Singles from Greatest Hits 1994–2004
- "Girls Lie Too" Released: April 19, 2004;

= Greatest Hits 1994–2004 (Terri Clark album) =

Greatest Hits 1994–2004 is the first greatest hits album by Canadian country music artist Terri Clark. It was released on July 27, 2004 by Mercury Nashville Records.
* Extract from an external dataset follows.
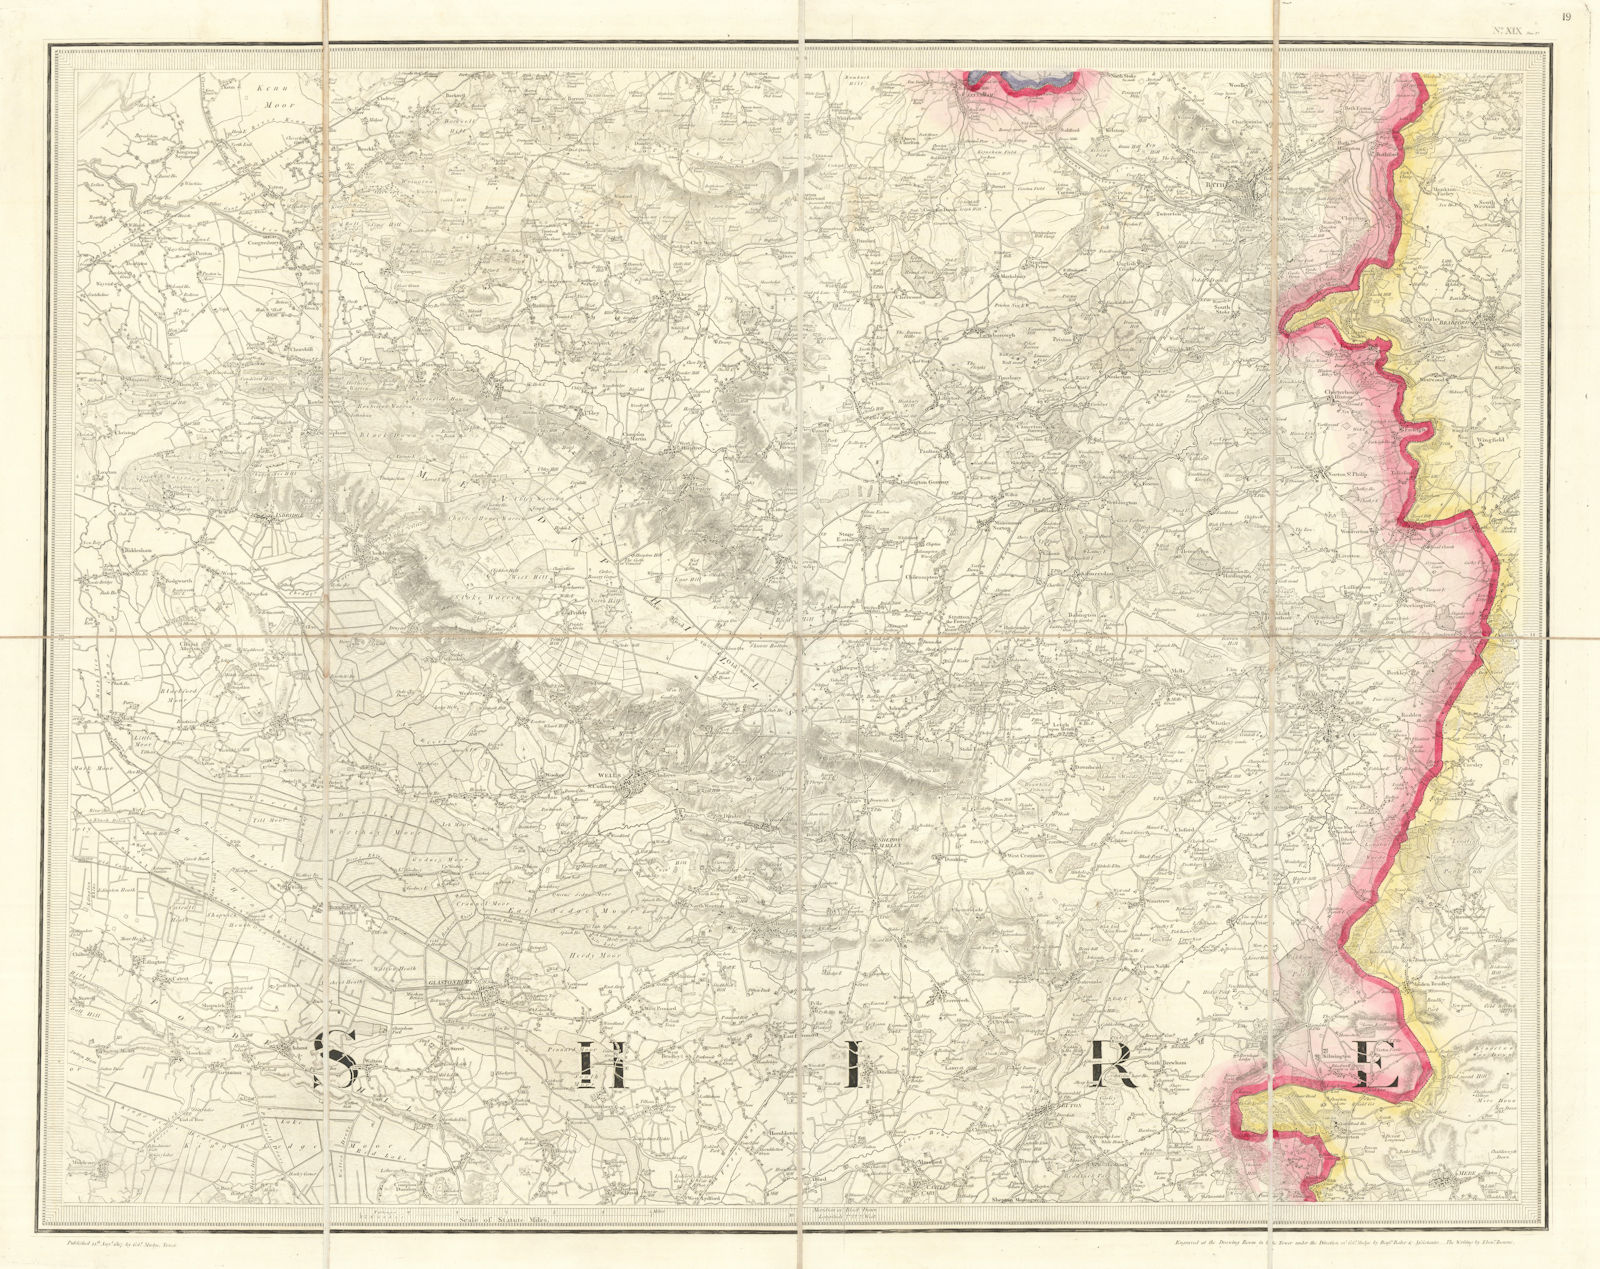 OS #19 Mendip Hills & South Cotswolds. Bath Wells Glastonbury Somerset 1817 map

The album contains eleven of Clark's country hits, including her number one hit "You're Easy on the Eyes". In addition, two new songs were recorded specifically for the compilation, "Girls Lie Too" and "One of the Guys". Clark also included a live version of her single "No Fear" from 2001.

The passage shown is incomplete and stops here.